··· GIVEN DATA ···
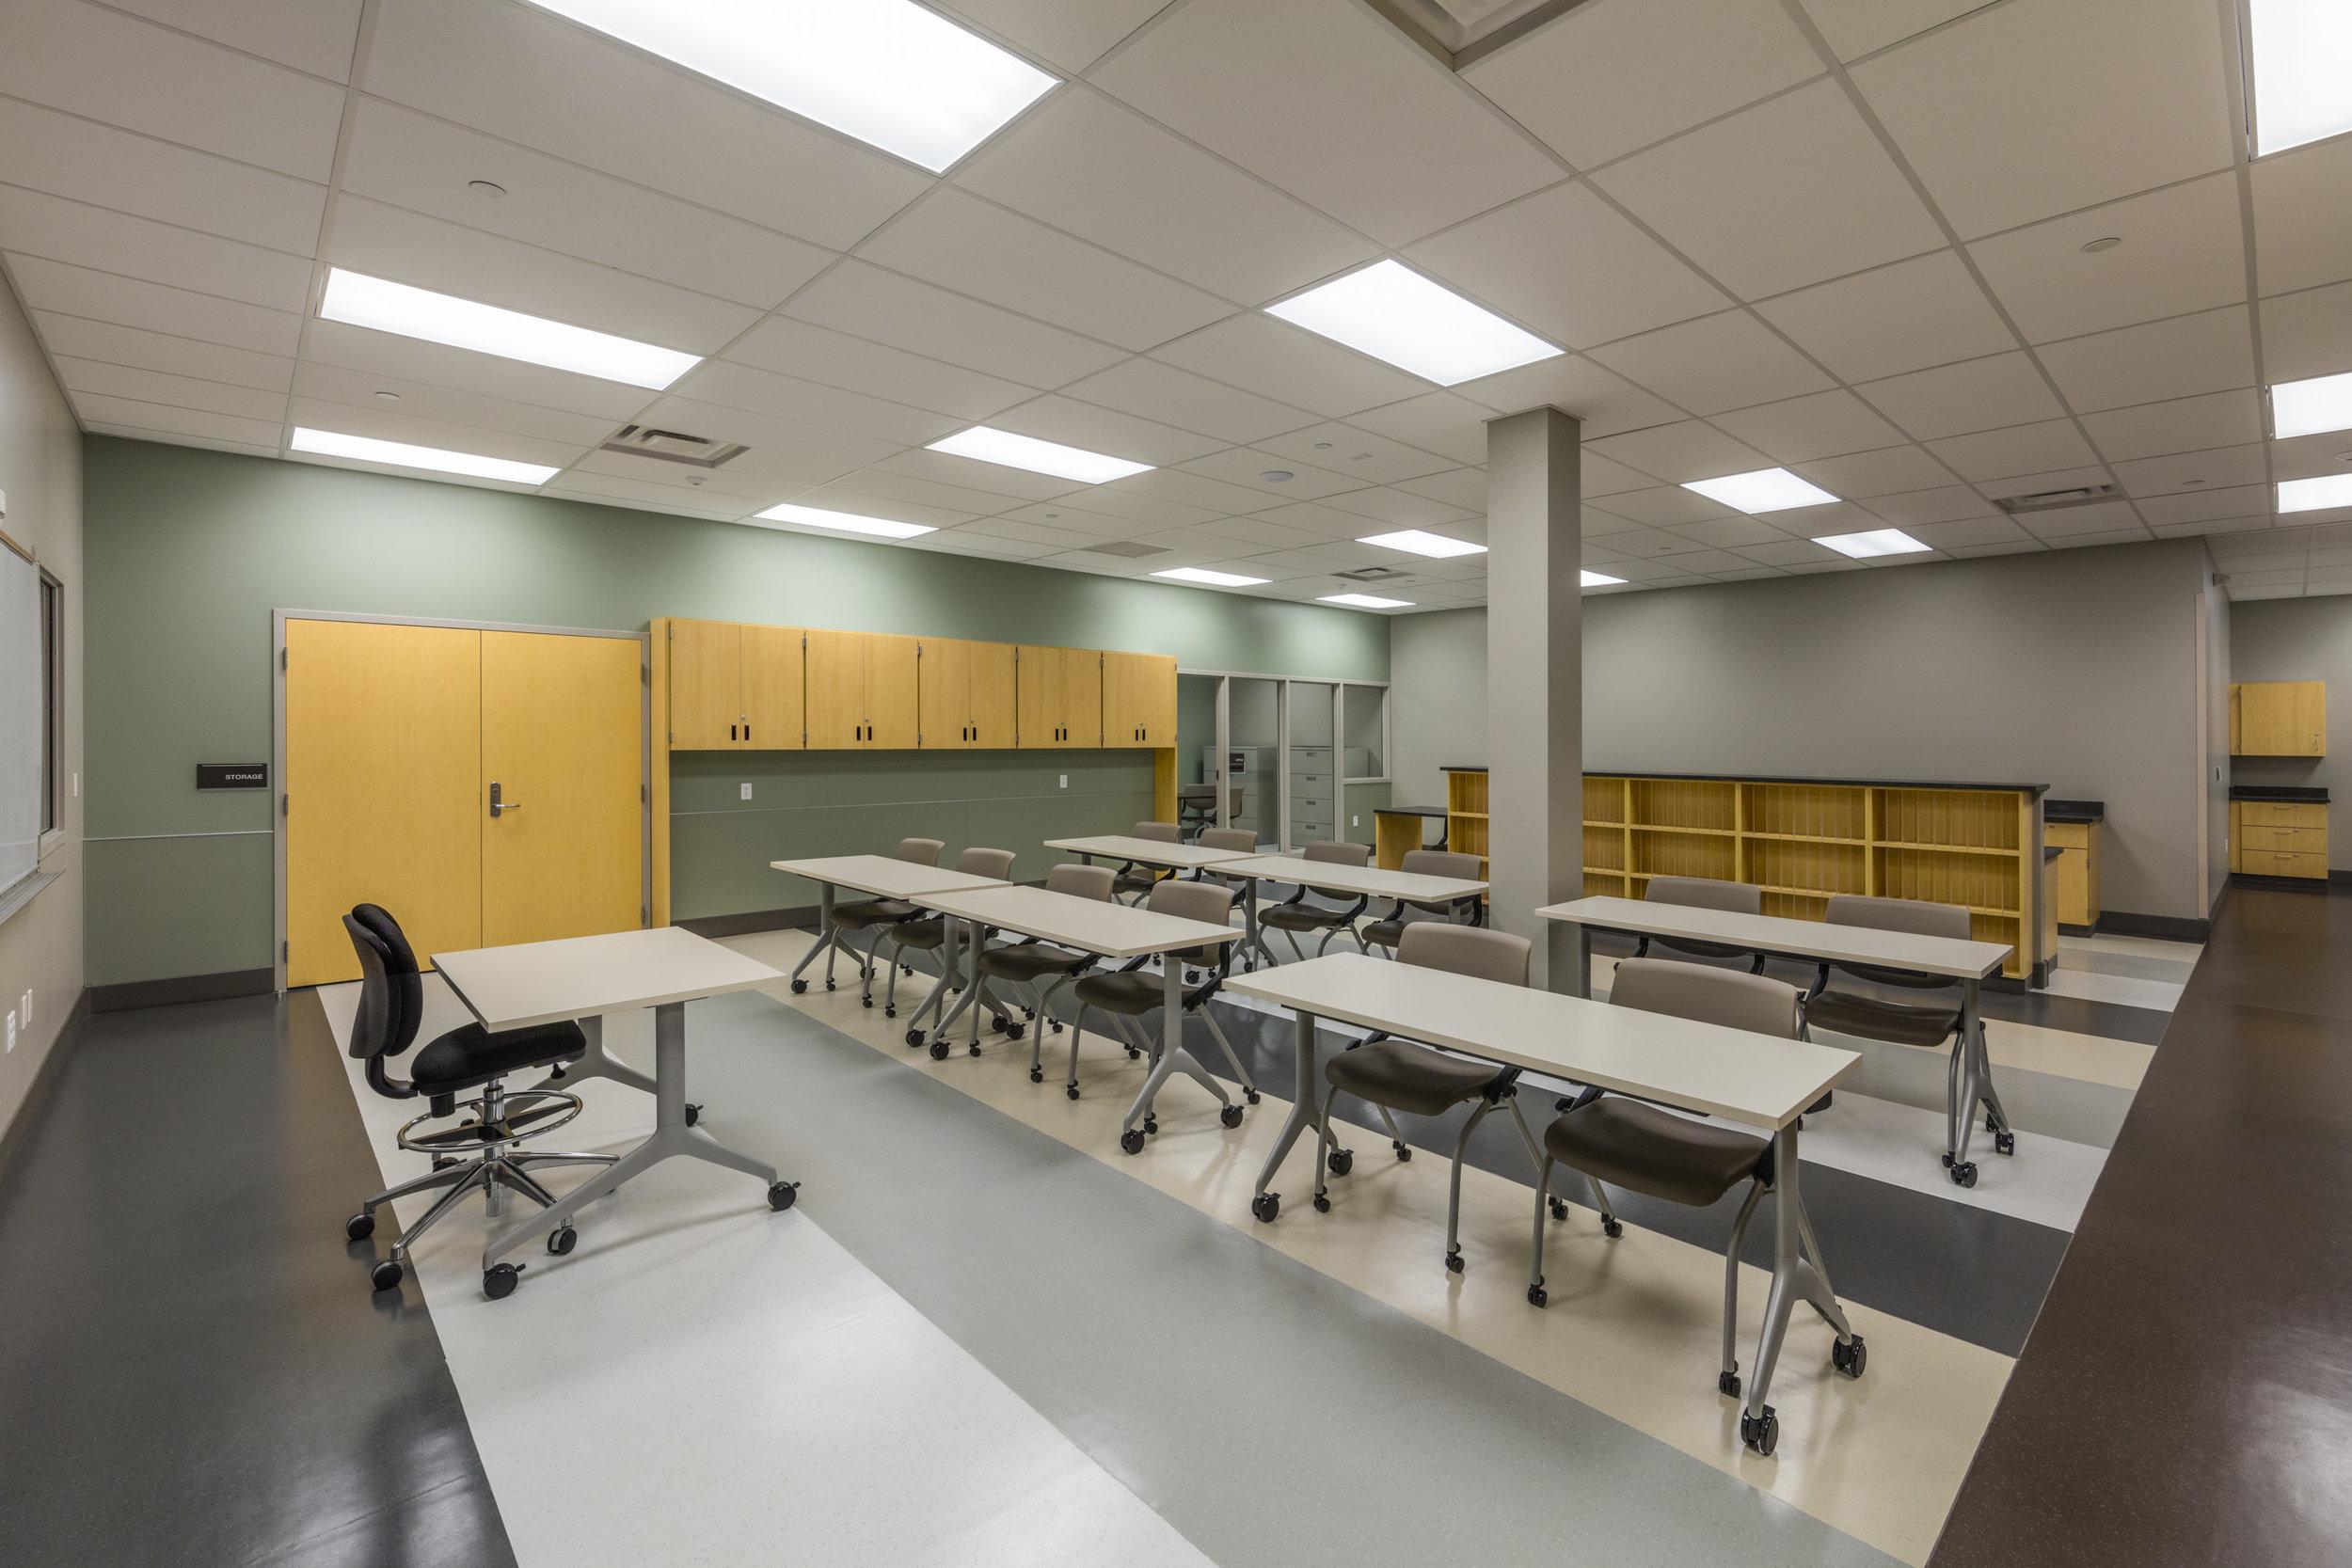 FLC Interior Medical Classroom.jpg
···
··· GIVEN DATA ···
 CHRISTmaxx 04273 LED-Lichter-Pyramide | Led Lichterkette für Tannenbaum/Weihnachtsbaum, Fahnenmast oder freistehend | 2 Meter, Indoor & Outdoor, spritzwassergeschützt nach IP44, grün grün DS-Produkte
···
··· GIVEN DATA ···
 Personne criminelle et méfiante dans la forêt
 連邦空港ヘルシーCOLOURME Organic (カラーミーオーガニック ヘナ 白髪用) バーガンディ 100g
···
YOUR ASSIGNMENT: Your answer must be the lines above from the one containing "Personne criminelle et" to the one containing "連邦空港ヘルシーCOLOURME Organic (カラーミーオーガニック", both included, restated word for word.

SOLUTION TO THIS EXERCISE:
 Personne criminelle et méfiante dans la forêt
 連邦空港ヘルシーCOLOURME Organic (カラーミーオーガニック ヘナ 白髪用) バーガンディ 100g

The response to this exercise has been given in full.